Our study demonstrates the zoonotic potential of ST11 and its close relative ST258 and provides a framework for future epidemiological and experimental studies of other livestock- or agricultural-associated lineages of C. difficile. Moreover, our findings challenge the long-held misconception that CDI is primarily nosocomial in origin and clearly emphasize the need for continued genetic and phenotypic surveillance of C. difficile from different ecological niches. As we have shown here, WGS provides the ultrafine-scale resolution needed to decipher cryptic CDI transmission pathways and identify emerging clones, as well as changes in AMR and key virulence loci.

MATERIALS AND METHODS

Bacterial isolates.

A detailed summary of isolates (n = 185), genomes (n = 207), and associated epidemiological data is provided in Data Set S1 at figshare (https://doi.org/10.6084/m9.figshare.4822255). Briefly, strains of human clinical origin (n = 150) were sourced from patients with CDI in 62 unique health care facilities/hospitals in Australia (n = 92), Europe (n = 36), Asia (n = 14), North America (n = 7), and New Zealand (n = 1) and collected between 1980 and 2016. C. difficile strains of veterinary and environmental origin (n = 57) were sourced from 16 unique farms, abattoirs, veterinary laboratories, and one organic market in Australia (n = 43) and Europe (n = 14) between 2007 and 2015. C. difficile strains were selected based on their RT belonging to ST11 (e.g., RTs 033, 078, 126 and 127, and 288), as well as several novel ST11 RTs (prefixed with “QX”). RT and toxin gene profiles for all 185 available C. difficile isolates were reconfirmed by PCR assays as previously described (13) (Fig. 1).

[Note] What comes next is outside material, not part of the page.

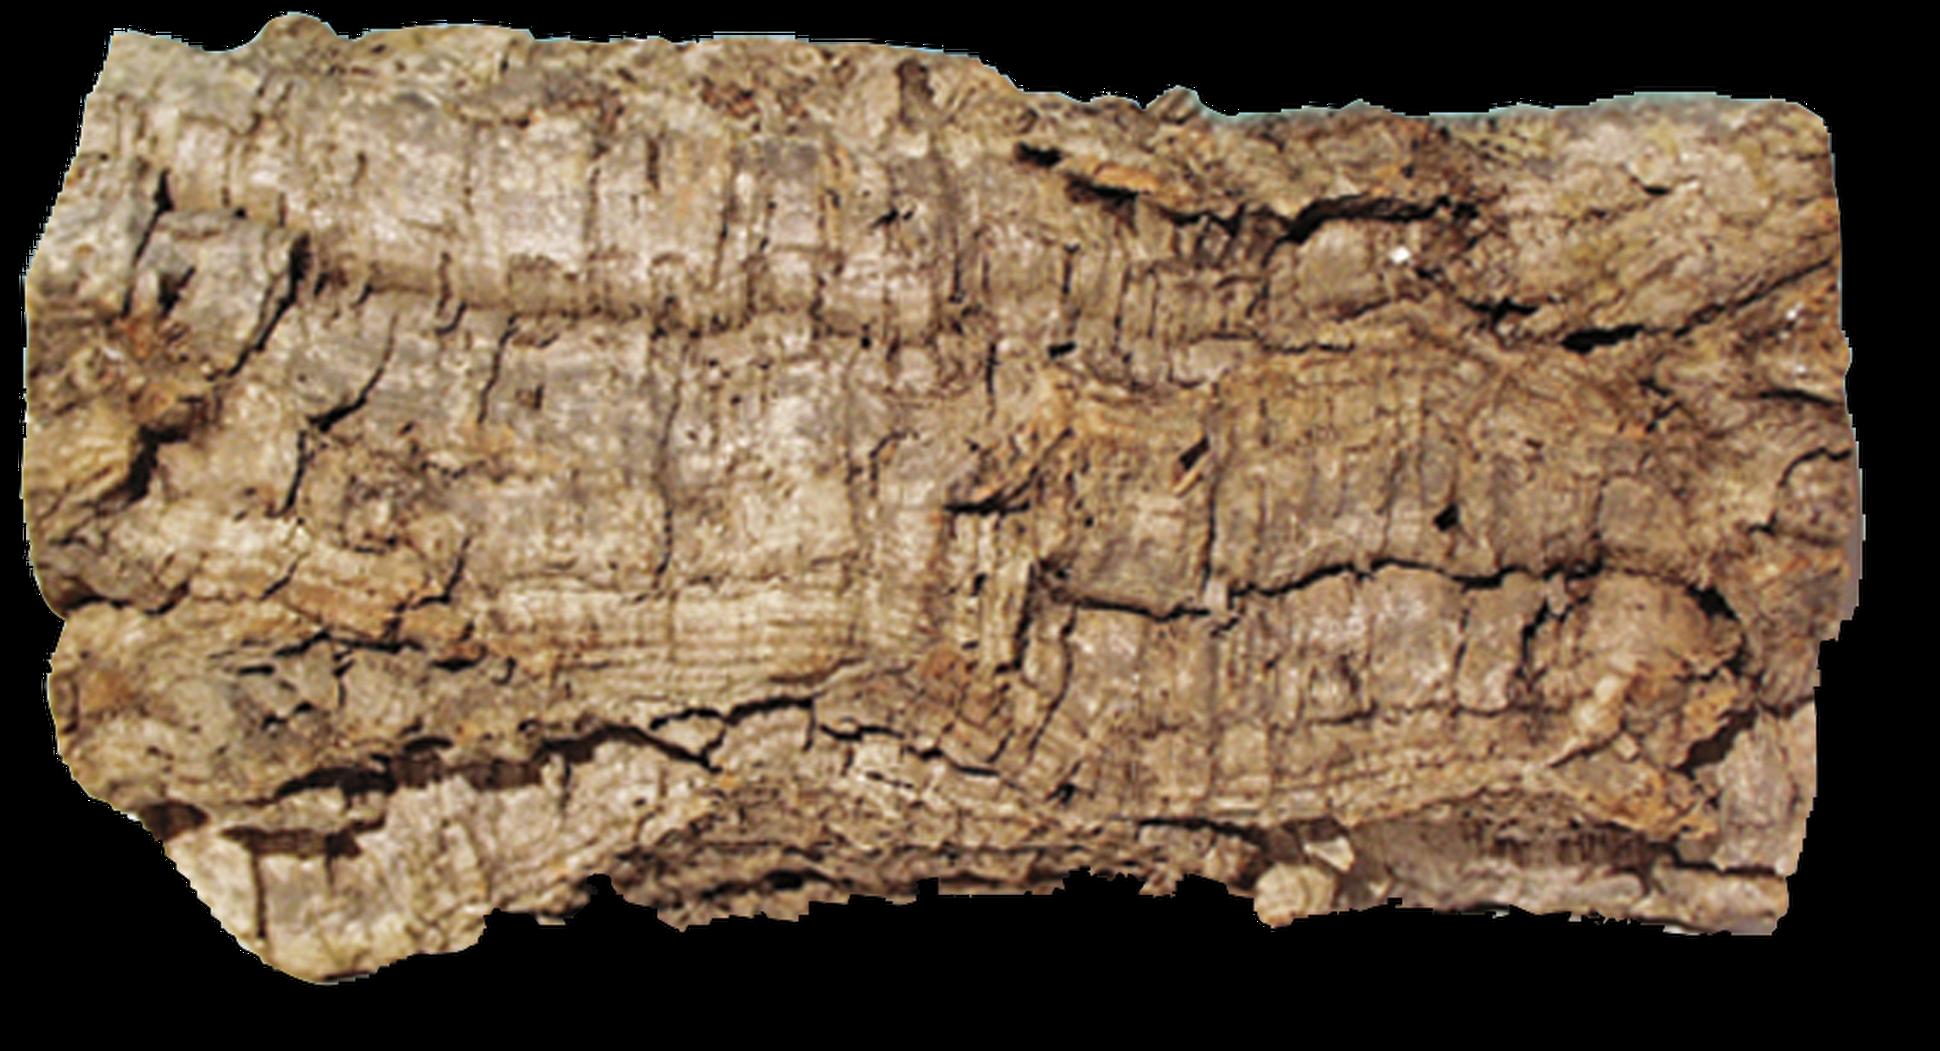 картинка кора деревьев на прозрачном фоне вырученные
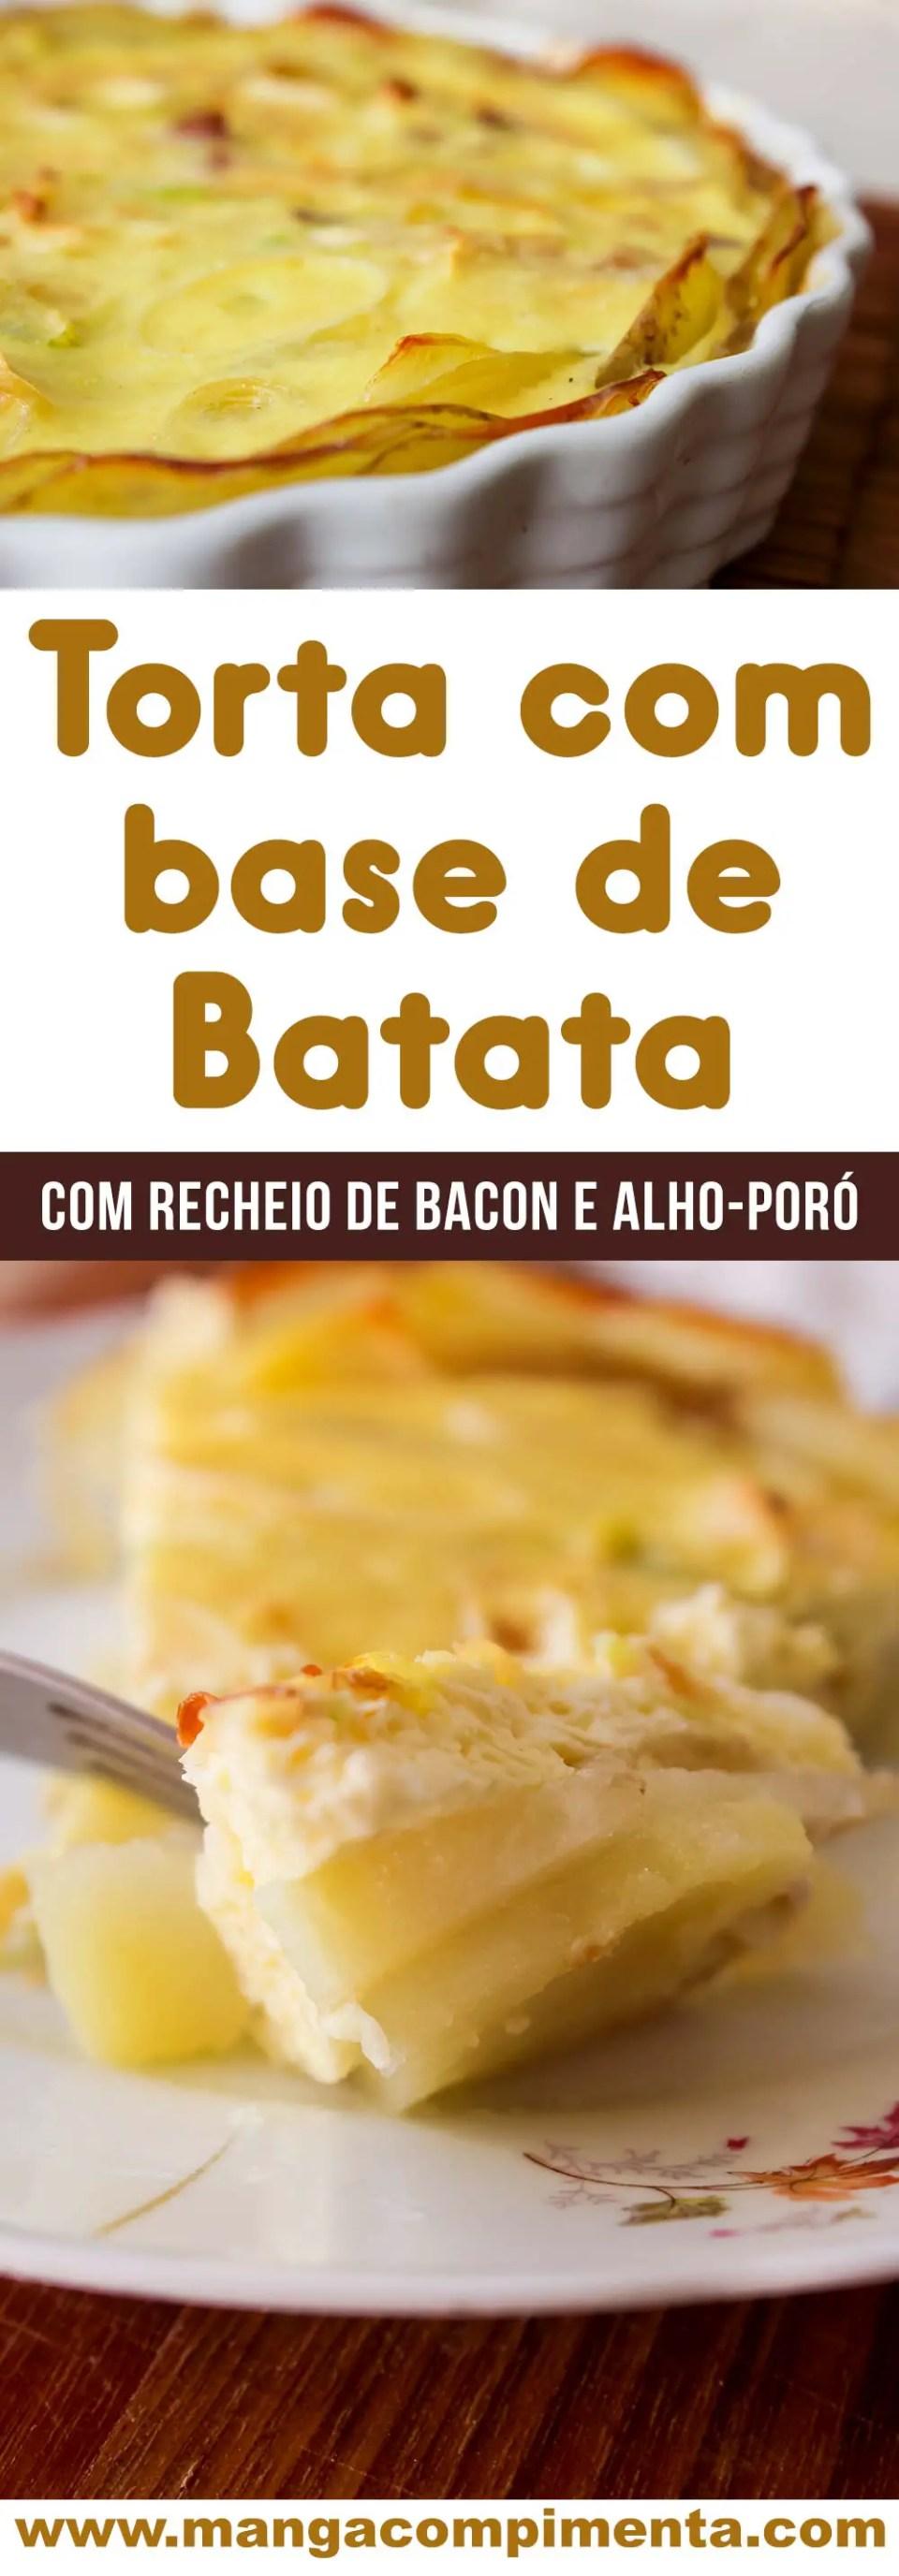 Torta de Alho-poró e Bacon com base de Batata - uma torta sem glúten (sem farinha), deliciosa para servir no final de semana!

Whole-genome shotgun sequencing.

Genomic DNA was extracted from a 48-h blood agar subculture of C. difficile using a QuickGene DNA tissue kit (Kurabo Industries, Osaka, Japan). A total of 185 strains were subjected to WGS using the MiSeq and HiSeq platforms and standard Nextera XT libraries (Illumina, San Diego, CA) (5). For comparative analysis, the genomes of 22 previously sequenced human clinical ST11 strains from European studies (4, 36, 41) were also included in this study. Accession numbers for WGS data are provided in Data Set S1 at figshare.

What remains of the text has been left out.